WHAT YOU SHOULD DO
Strip the pictures and reproduce the rest of the listing exactly.

DATASET EXTRACT
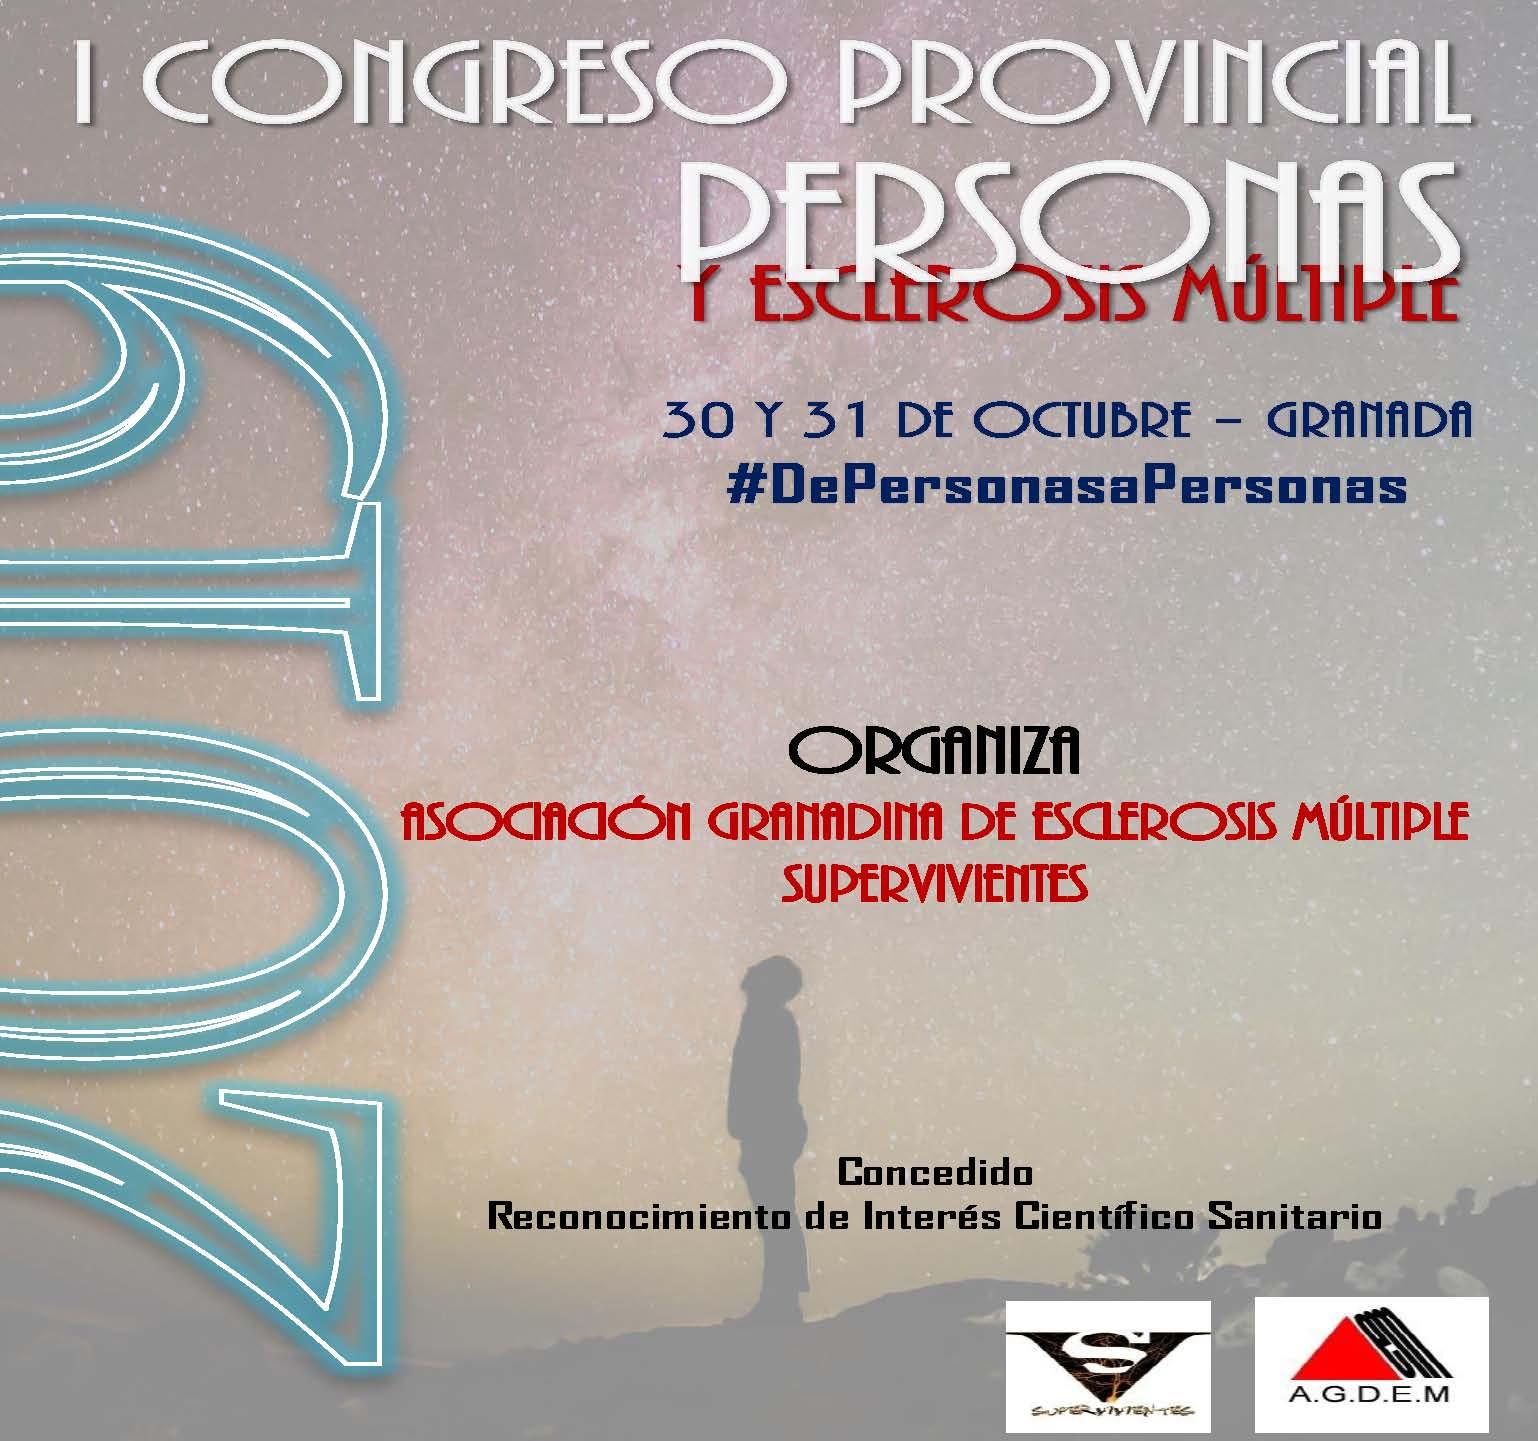 programa del i congreso provincial personas y esclerosis multiple.jpg
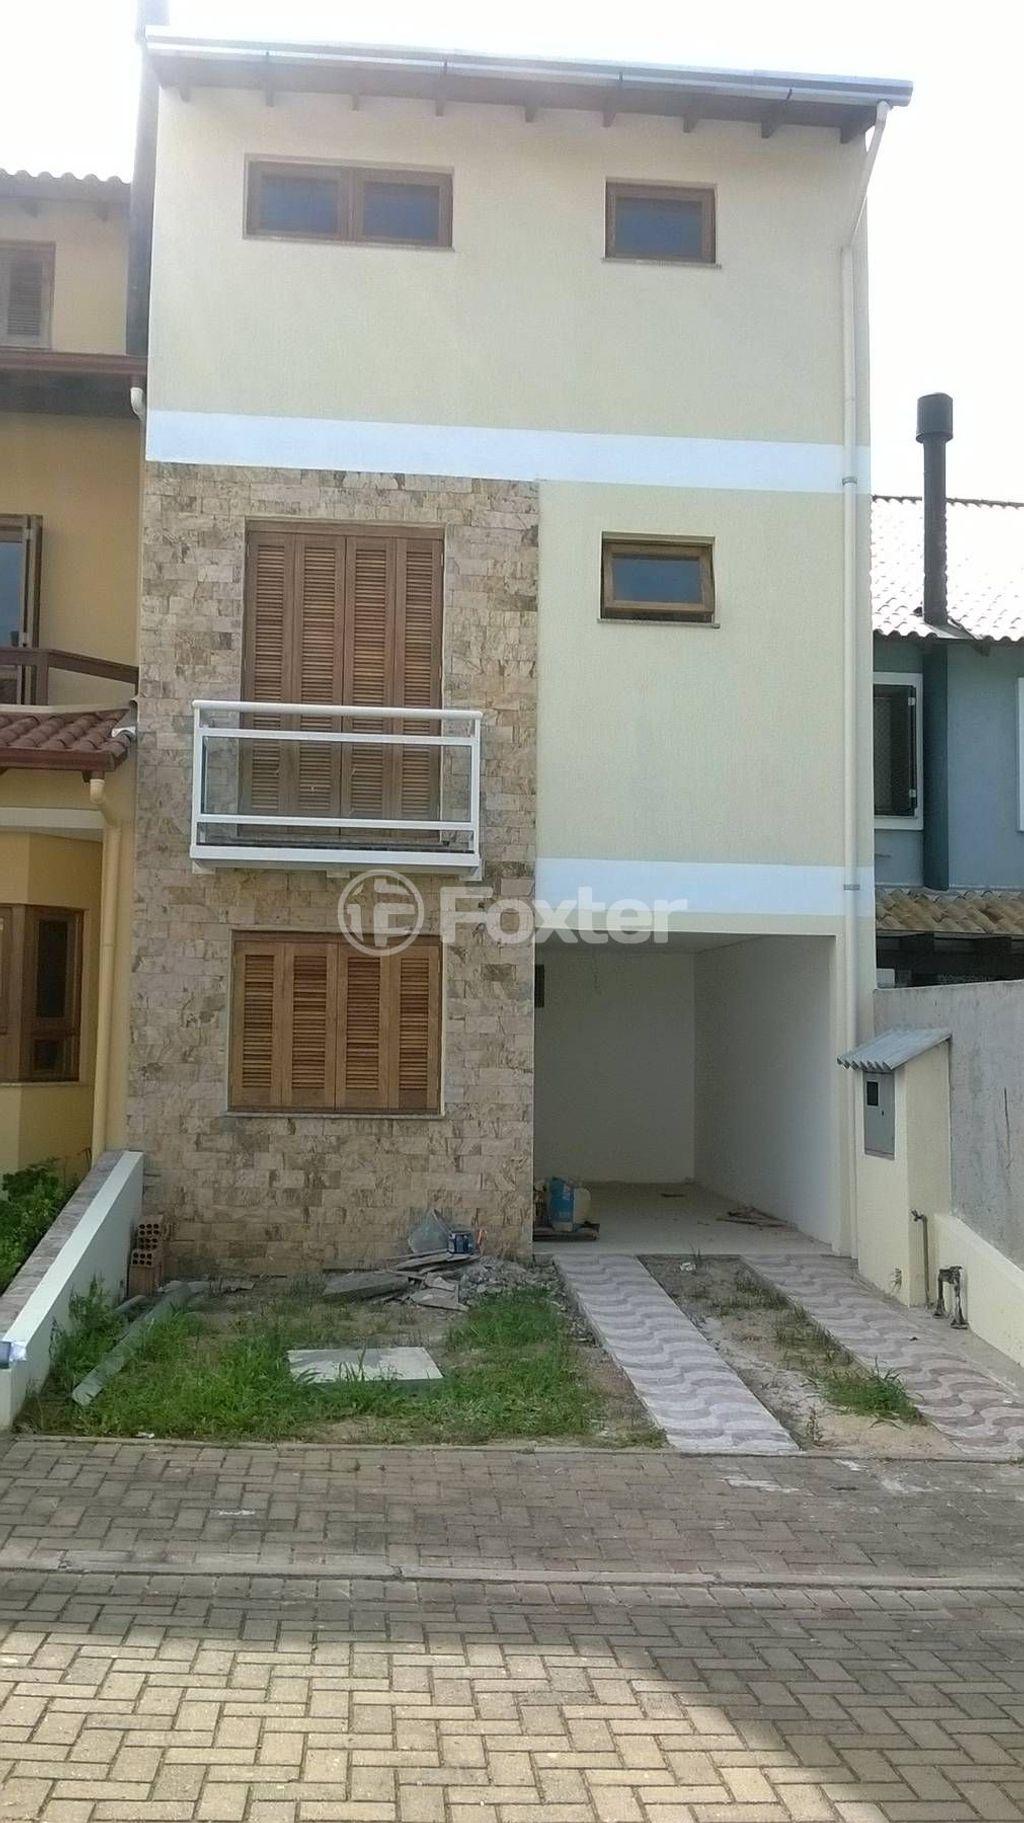 Foxter Imobiliária - Casa 3 Dorm, Vila Nova - Foto 10
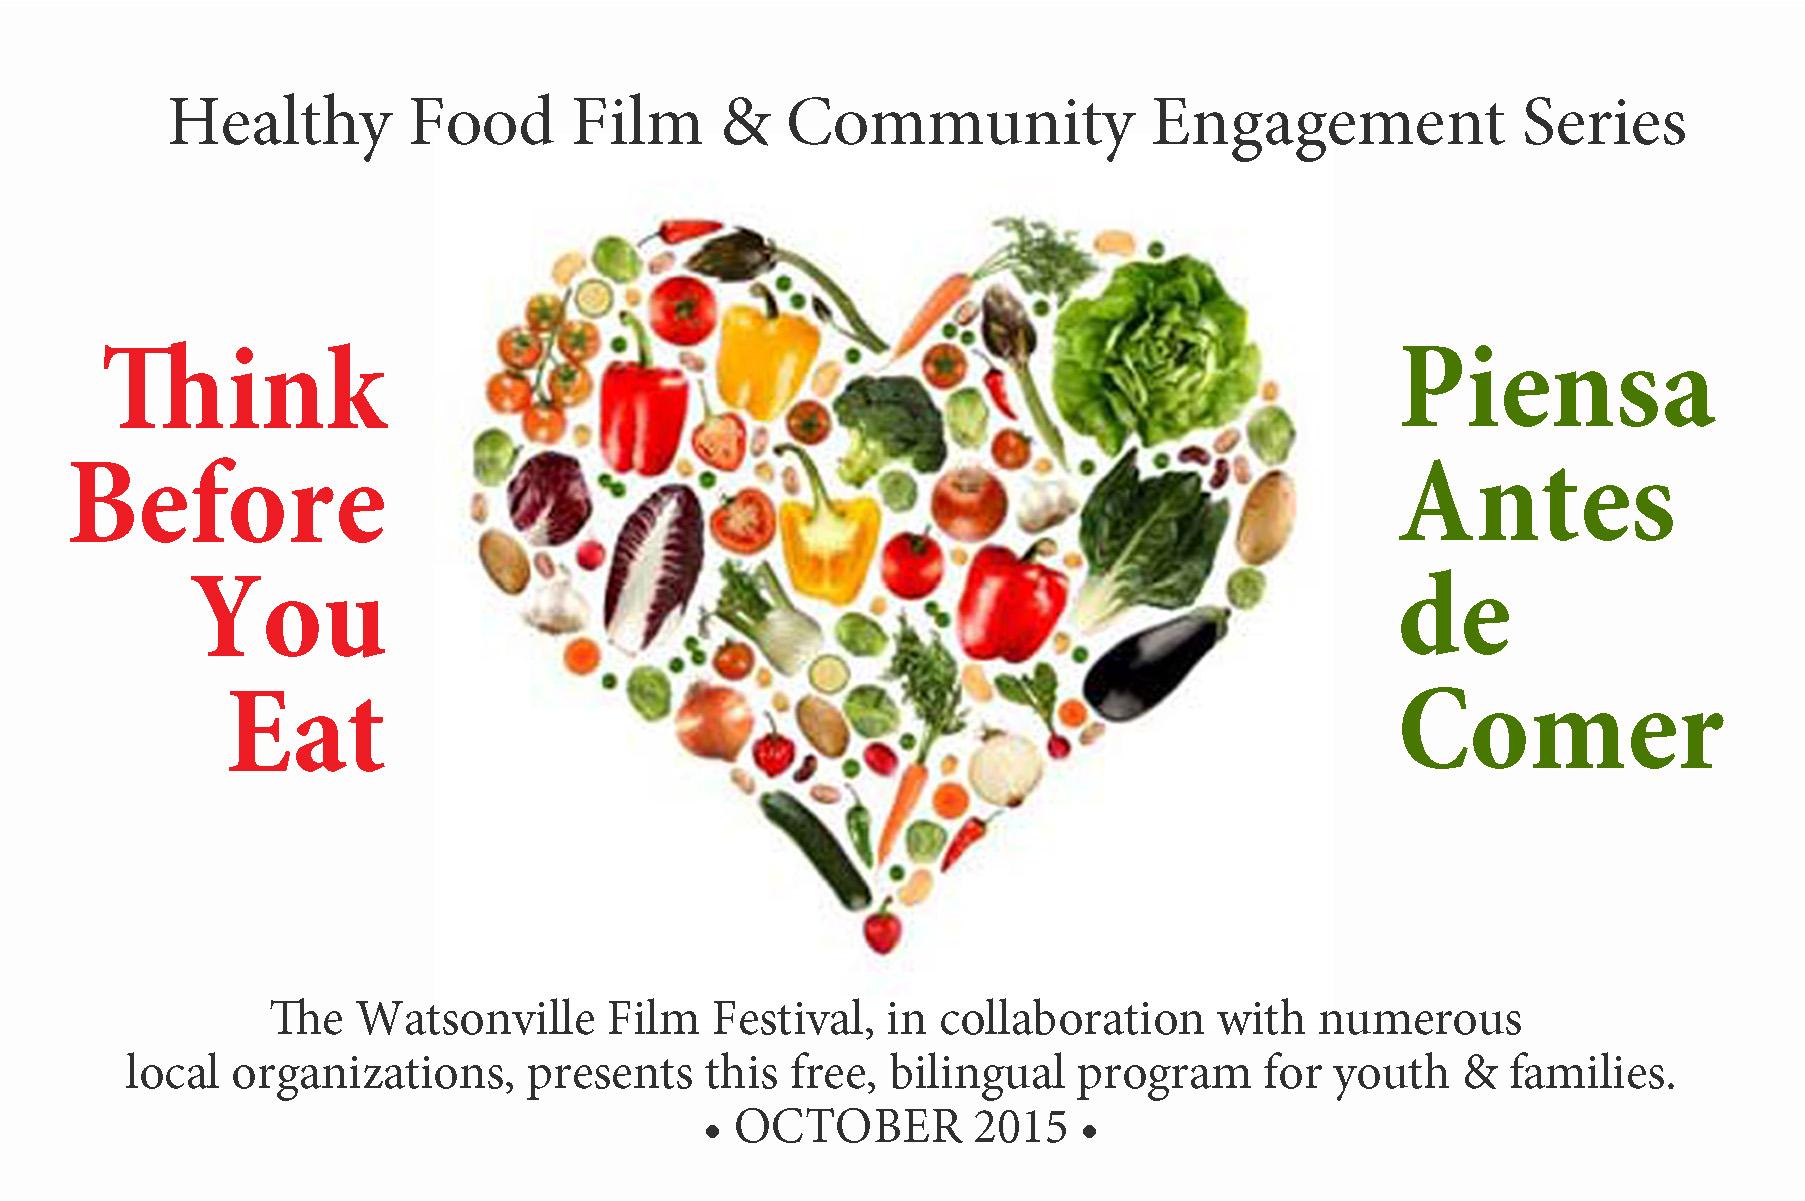 Healthy Food Film Series flyer.jpg

EXERCISE RESPONSE
 programa del i congreso provincial personas y esclerosis multiple.jpg
 Foxter Imobiliária - Casa 3 Dorm, Vila Nova - Foto 10
 Healthy Food Film Series flyer.jpg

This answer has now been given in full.